Mass layoffs awaits at Intel – 12'000 positions at risk

American chip giant Intel will start a new restructuring initiative to accelerate its shift from a PC company to one that powers the cloud and the smart connected world – but that transformation comes with the reduction of up to 12'000 positions globally.
In a press release, Intel states that it will intensify its focus in high-growth areas where it is positioned for long-term customer value and growth.

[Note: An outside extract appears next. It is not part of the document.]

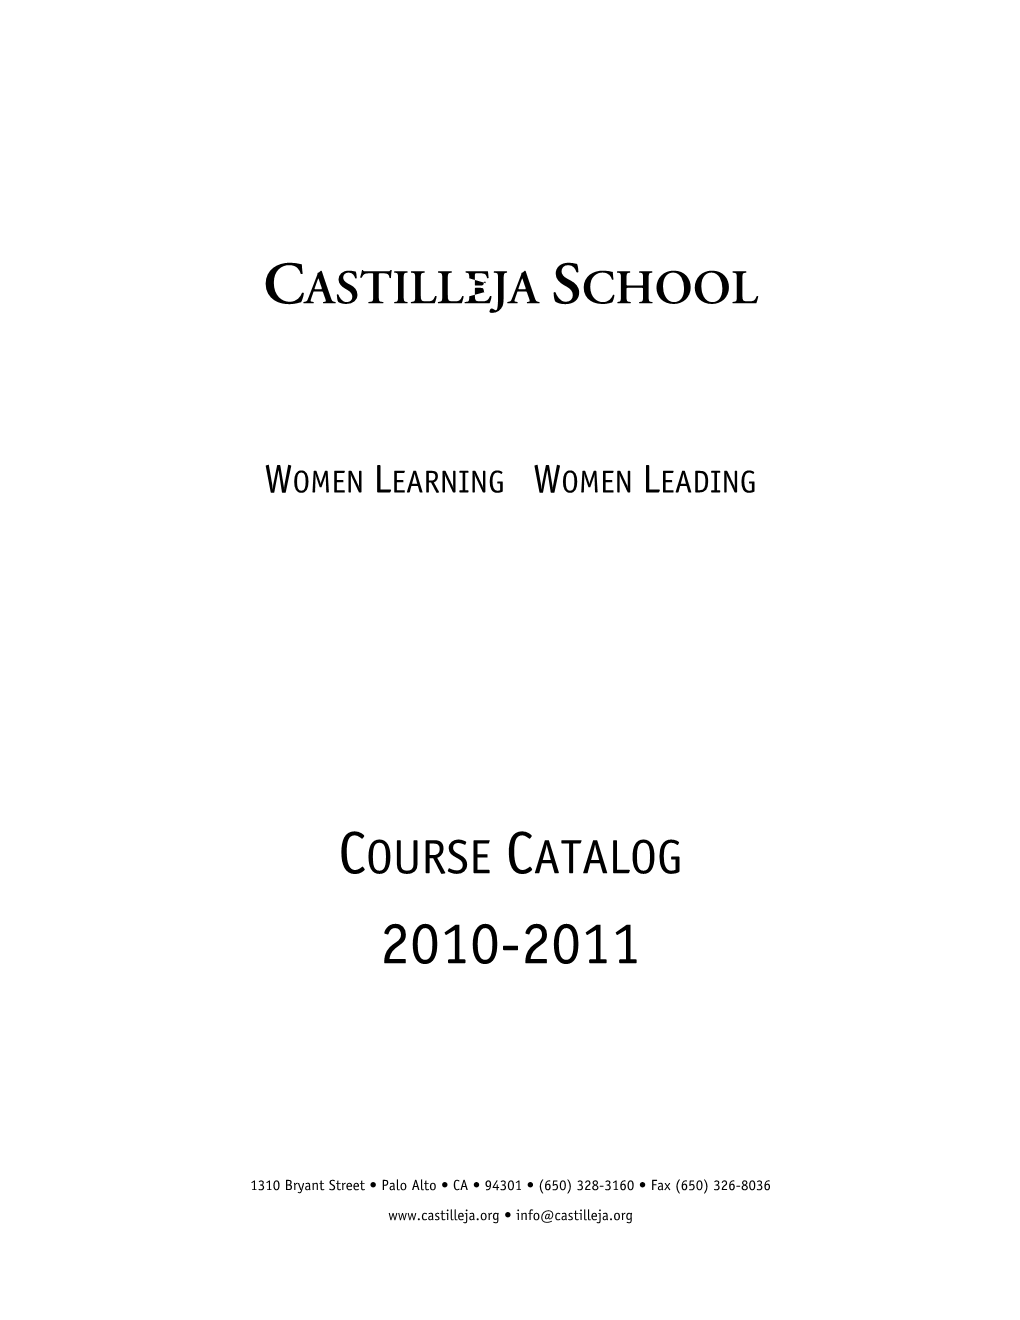 Course Catalog 2010-2011
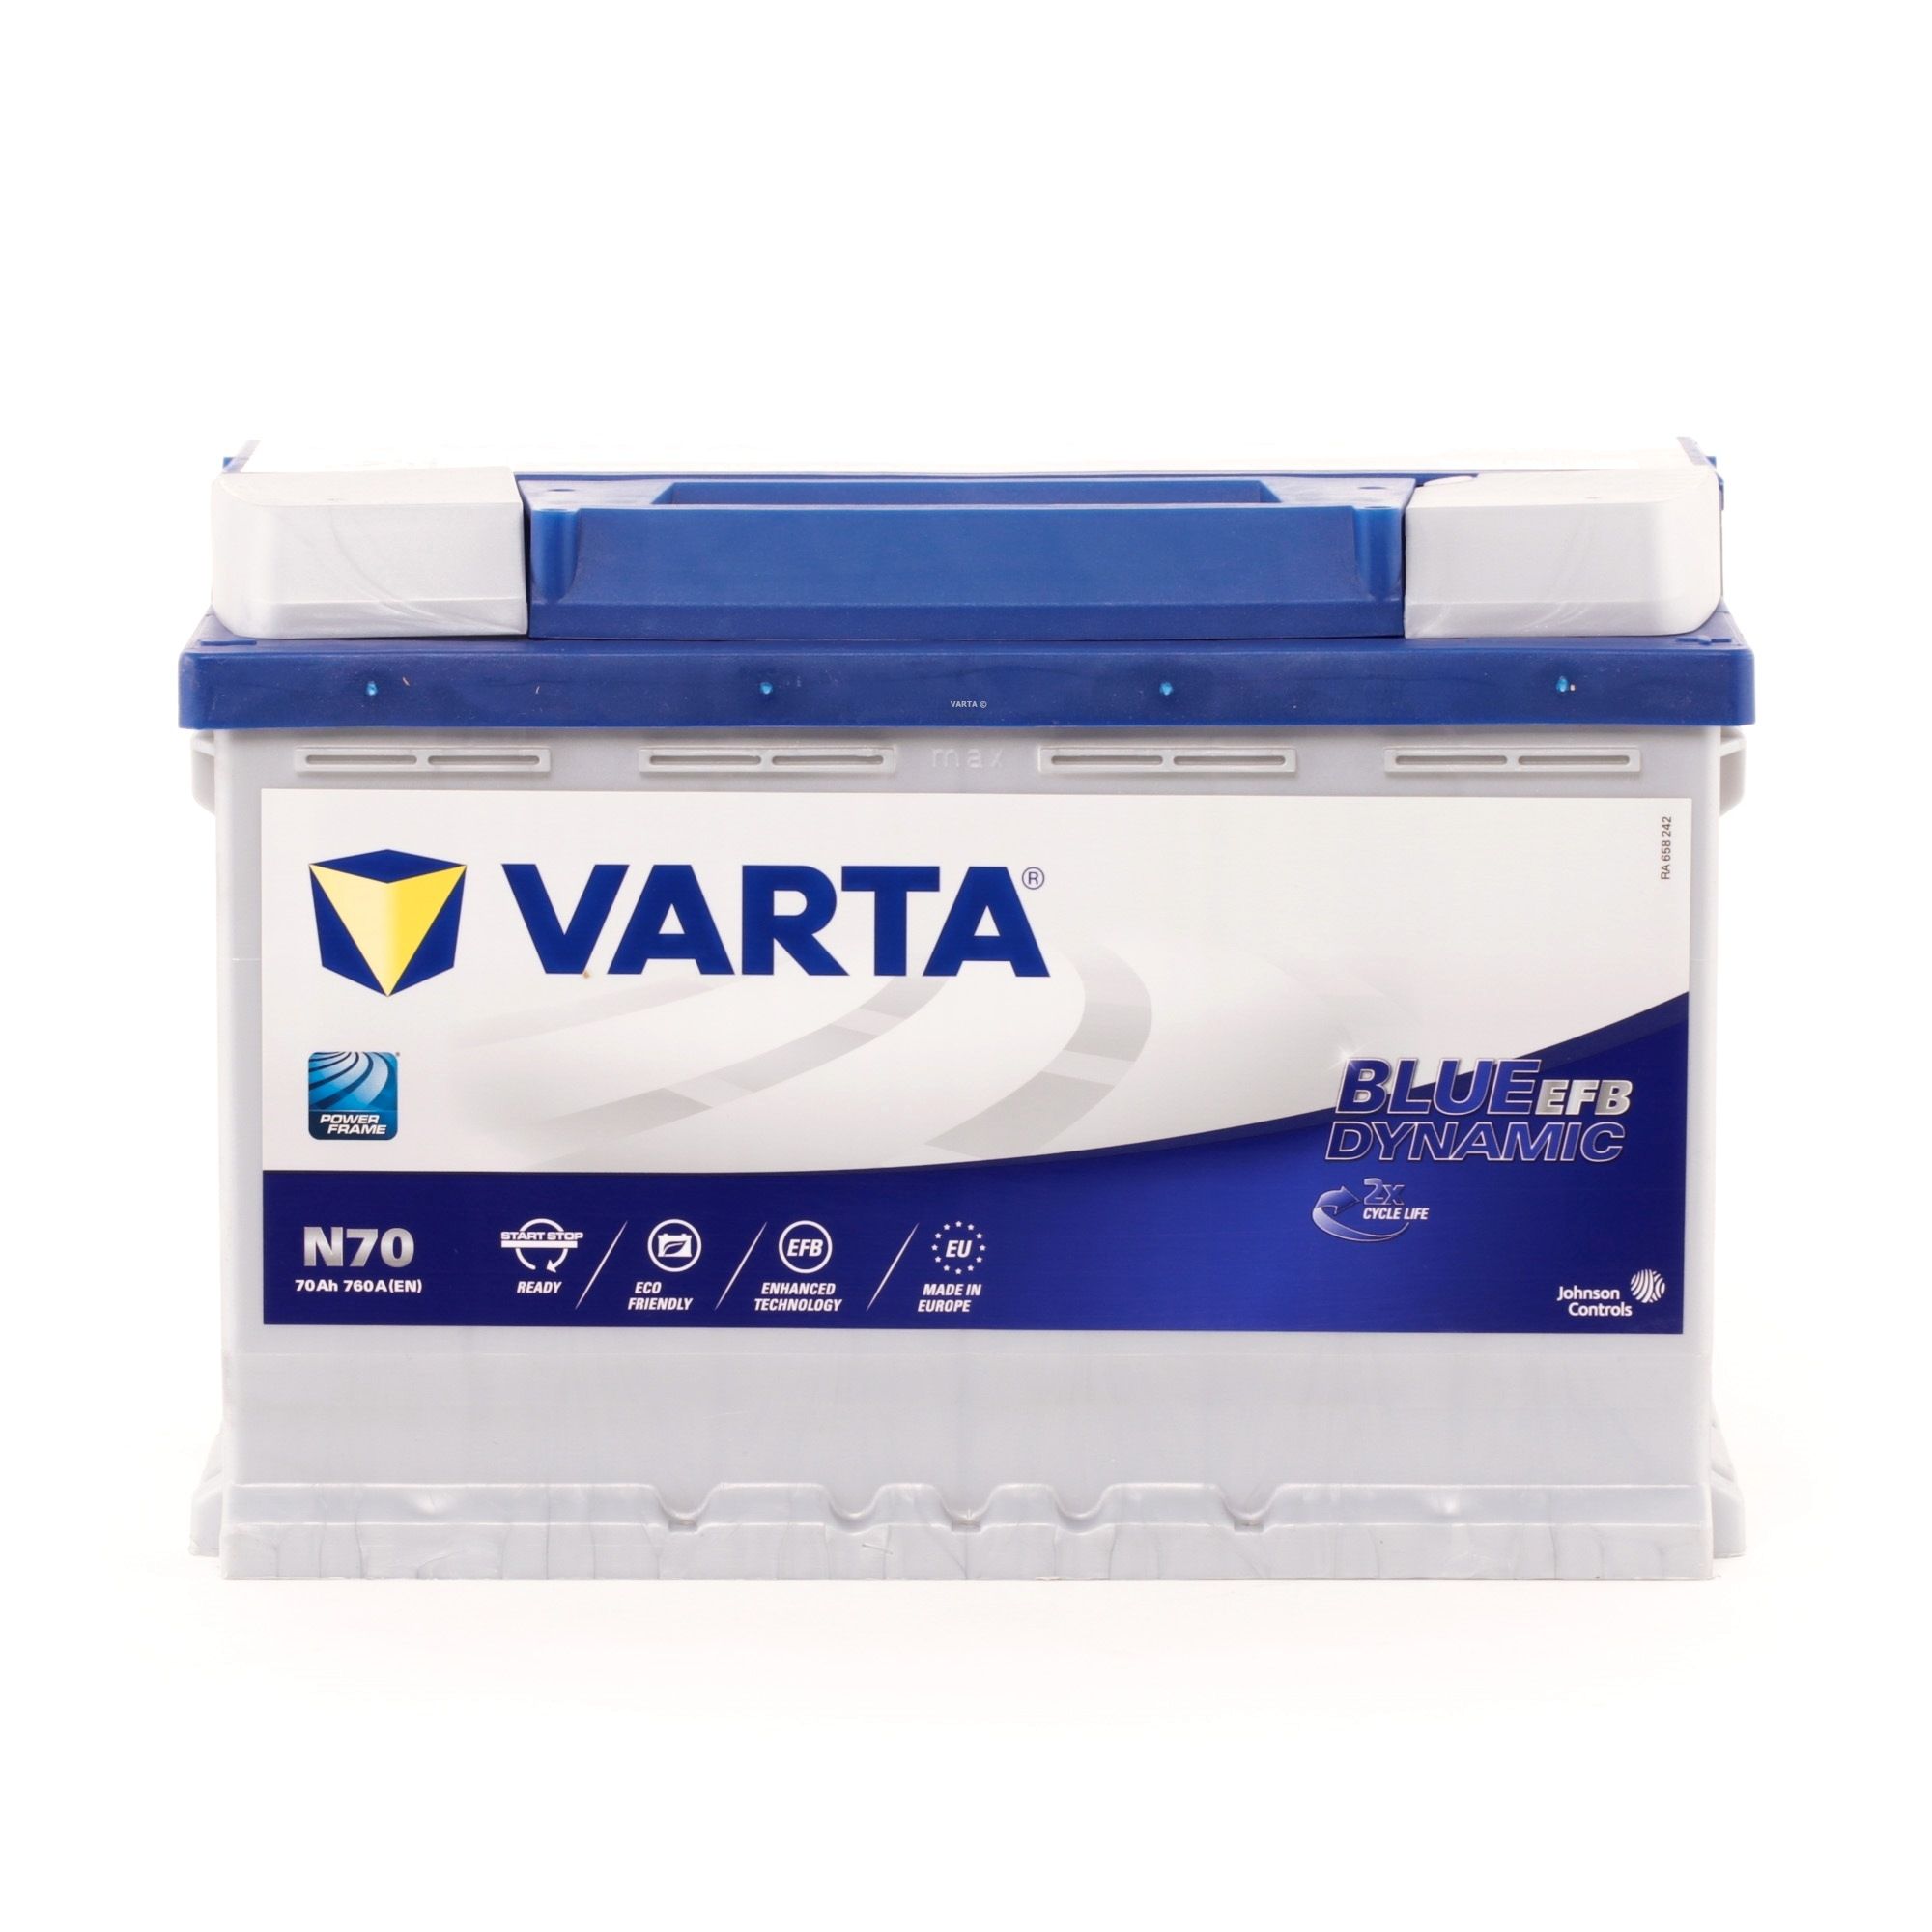 VARTA 570500076D842 originais SEAT Batería 12V 70Ah 760A B13 Bateria EFB

The data center and Internet of Things (IoT) businesses are Intel’s primary growth engines, with memory and field programmable gate arrays (FPGAs) accelerating these opportunities – fueling a virtuous cycle of growth for the company. These growth businesses delivered USD 2.2 billion in revenue growth last year, and made up 40 percent of revenue and the majority of operating profit, which largely offset the decline in the PC market segment.

The new restructuring initiative – which will result in reduction of about 11% of the company's workforce – was outlined in an e-mail from Intel CEO Brian Krzanich to Intel employees.

“Our results over the last year demonstrate a strategy that is working and a solid foundation for growth,” said Krzanich. “The opportunity now is to accelerate this momentum and build on our strengths.

While making the company more efficient, Intel plans to increase investments in the products and technologies that that will fuel revenue growth, and drive more profitable mobile and PC businesses. The company plans to increase investments in its data center, IoT, memory and connectivity businesses, as well as segments such as 2-in-1s, gaming and home gateways.

These changes will result in the reduction of up to 12'000 positions globally — approximately 11% of employees — by mid-2017 through site consolidations worldwide, a combination of voluntary and involuntary departures, and a re-evaluation of programs.

The company expects the program to deliver USD 750 million in savings this year and annual run rate savings of USD 1.4 billion by mid-2017.